Since the copy must hold text only, transcribe the data below exactly and omit the images.

RECORDED INFORMATION section start

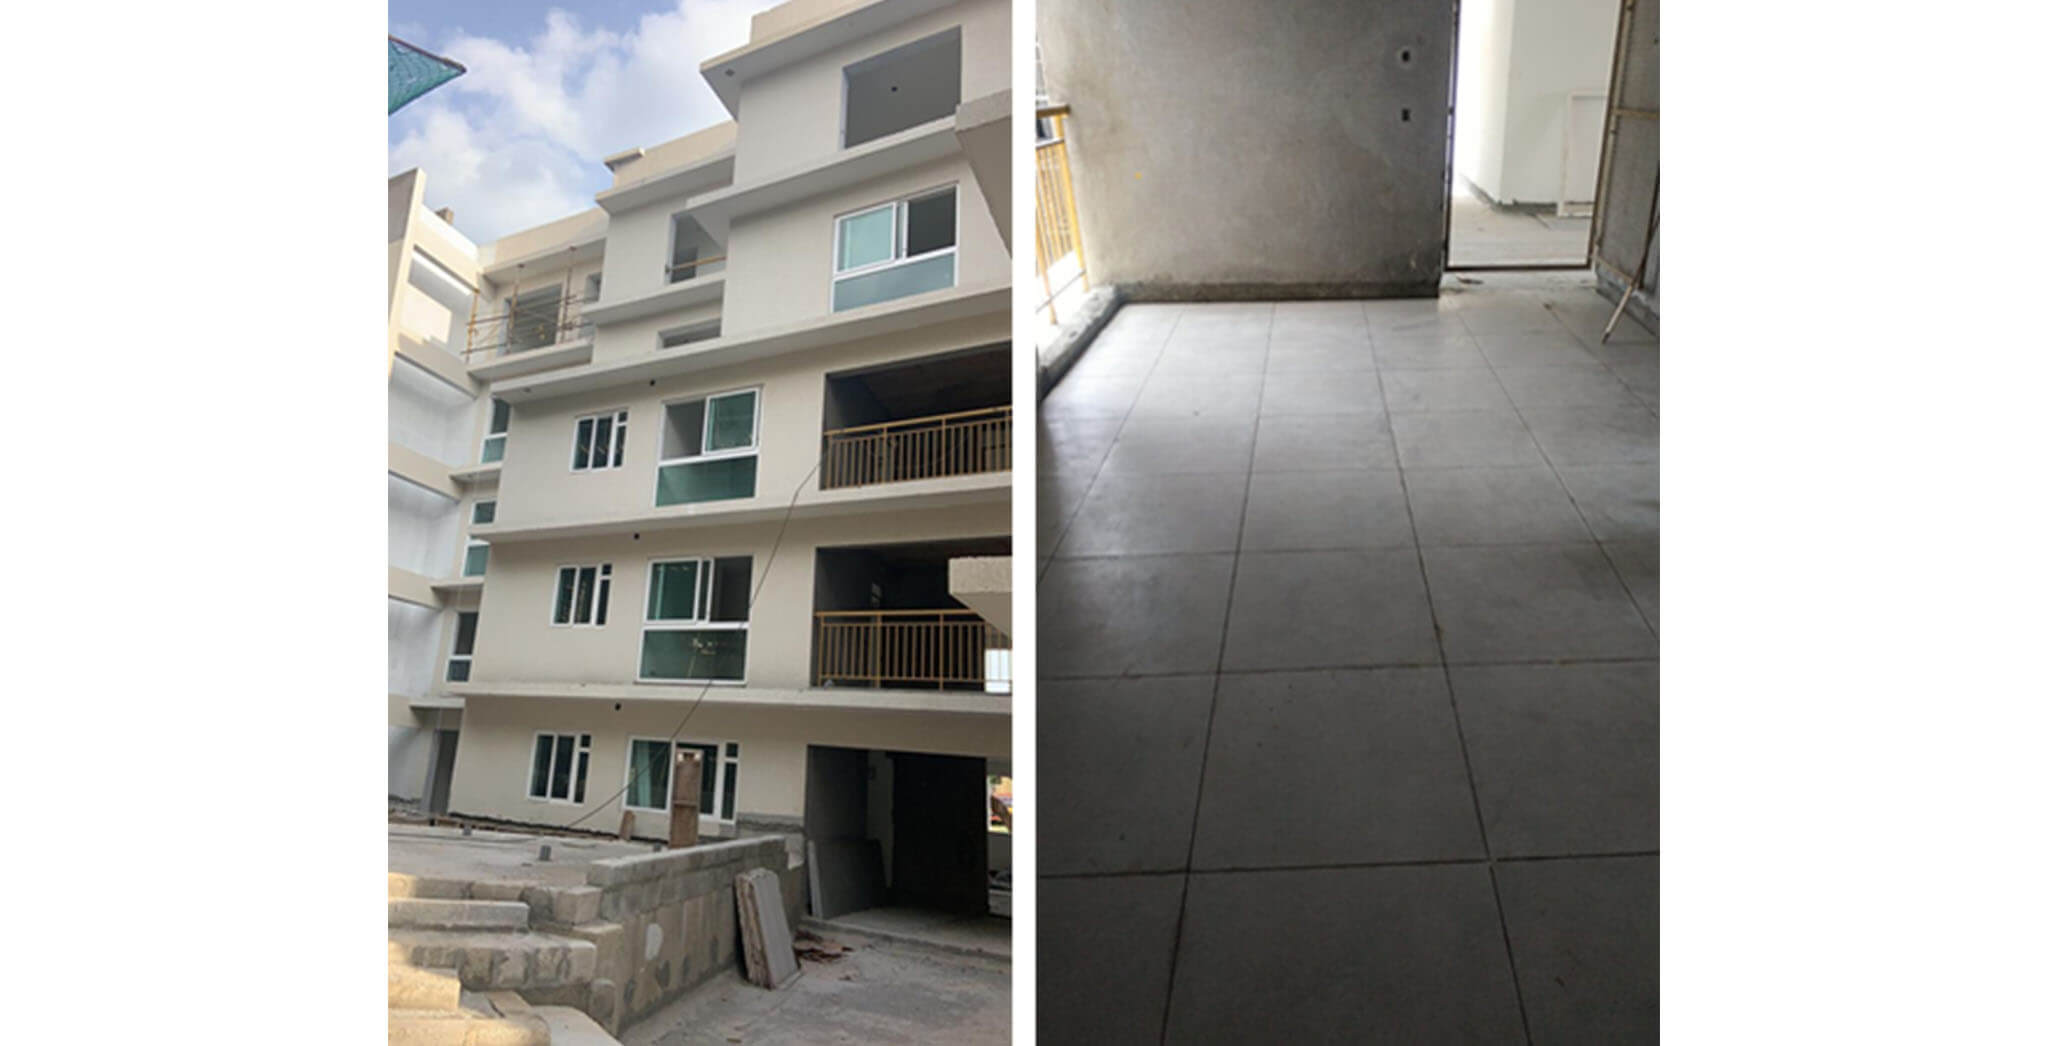 May 2021 - J Block: 1st to 4th floor lobby flooring, and  UPVC window installation work-in-progress.
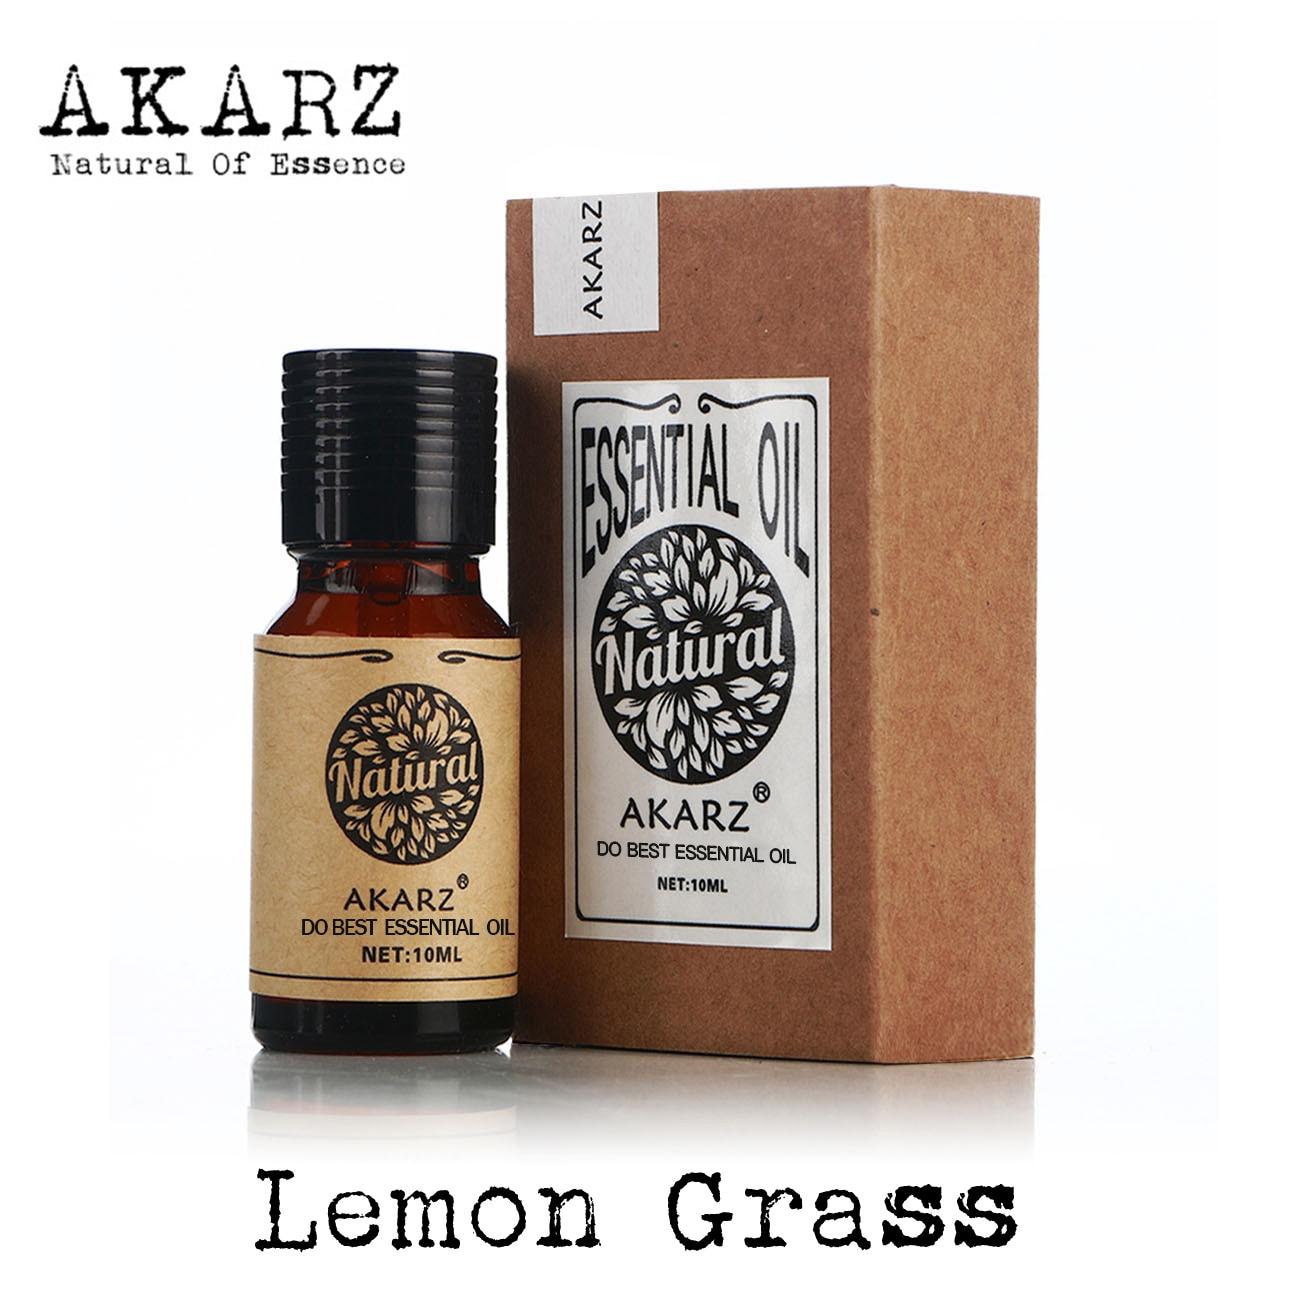 цена на AKARZ Famous brand natural aromatherapy lemon grass essential oil Prevent beriberi Mosquito repellent Relax lemon grass oil
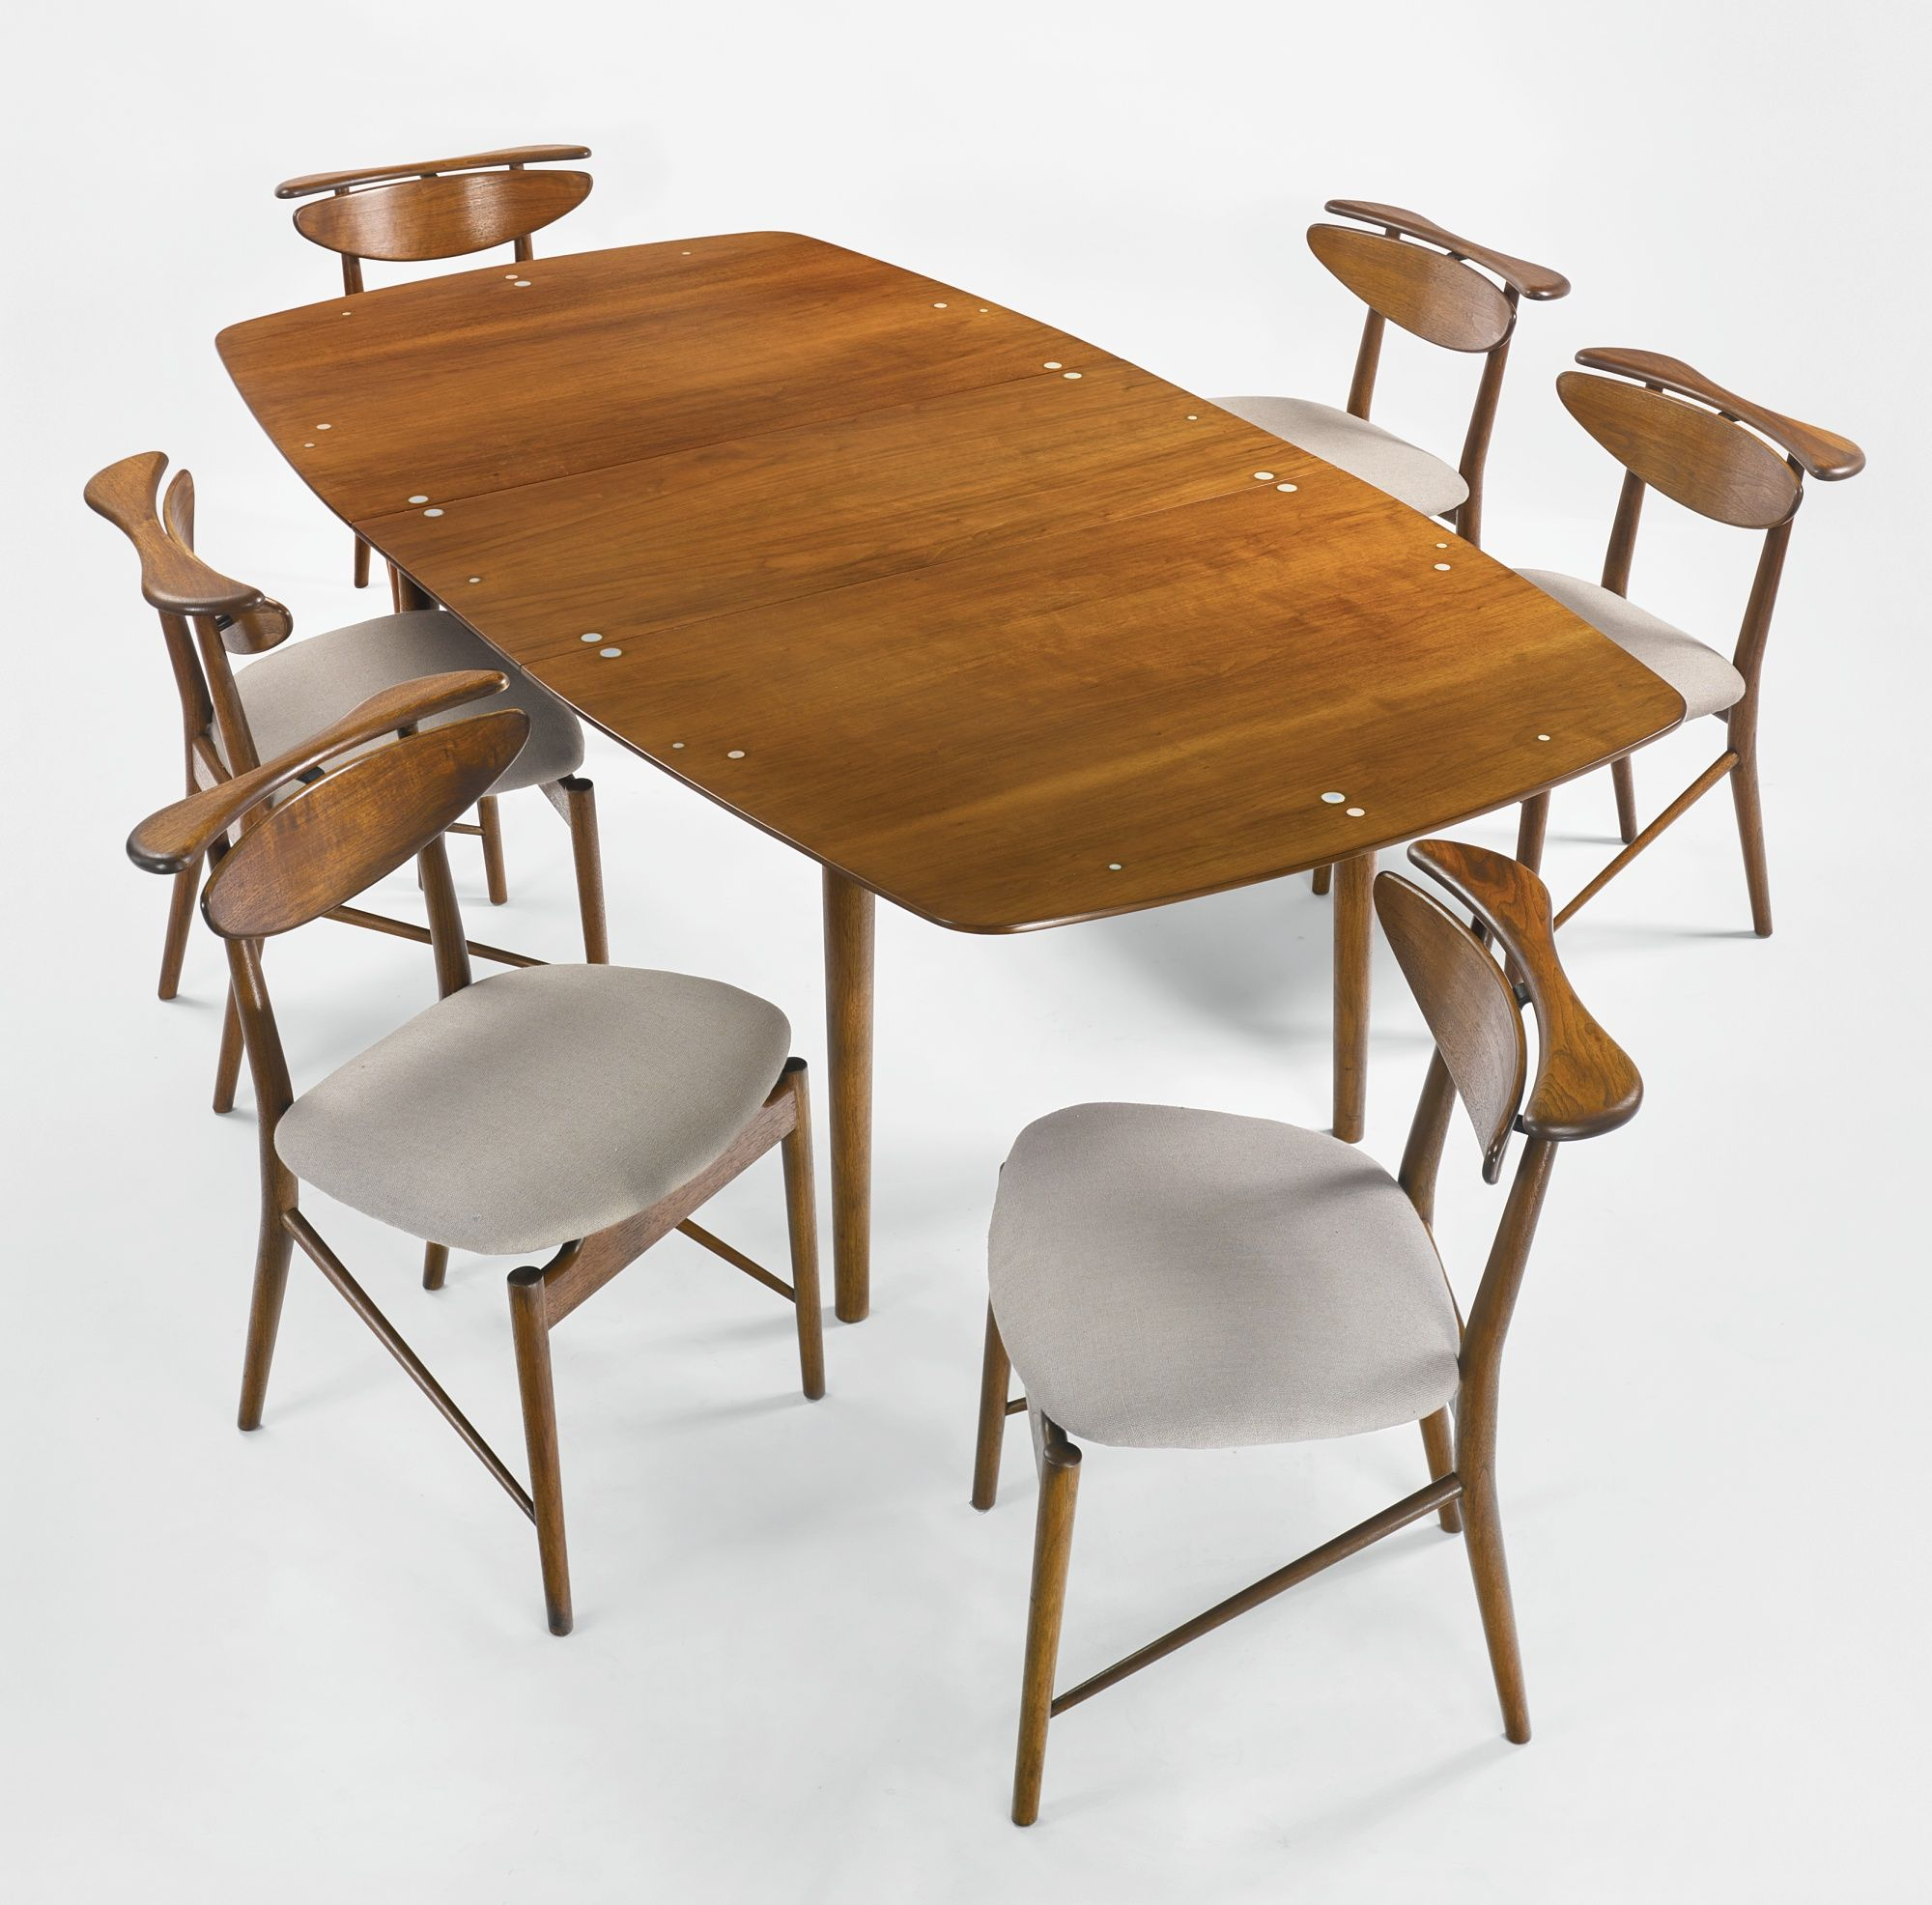 Finn Juhl 401 Walnut With Brass Inlay Dining Table For Baker

RECORDED INFORMATION section end

→ EXERCISE SOLUTION
 May 2021 - J Block: 1st to 4th floor lobby flooring, and  UPVC window installation work-in-progress.
 цена на AKARZ Famous brand natural aromatherapy lemon grass essential oil Prevent beriberi Mosquito repellent Relax lemon grass oil
 Finn Juhl 401 Walnut With Brass Inlay Dining Table For Baker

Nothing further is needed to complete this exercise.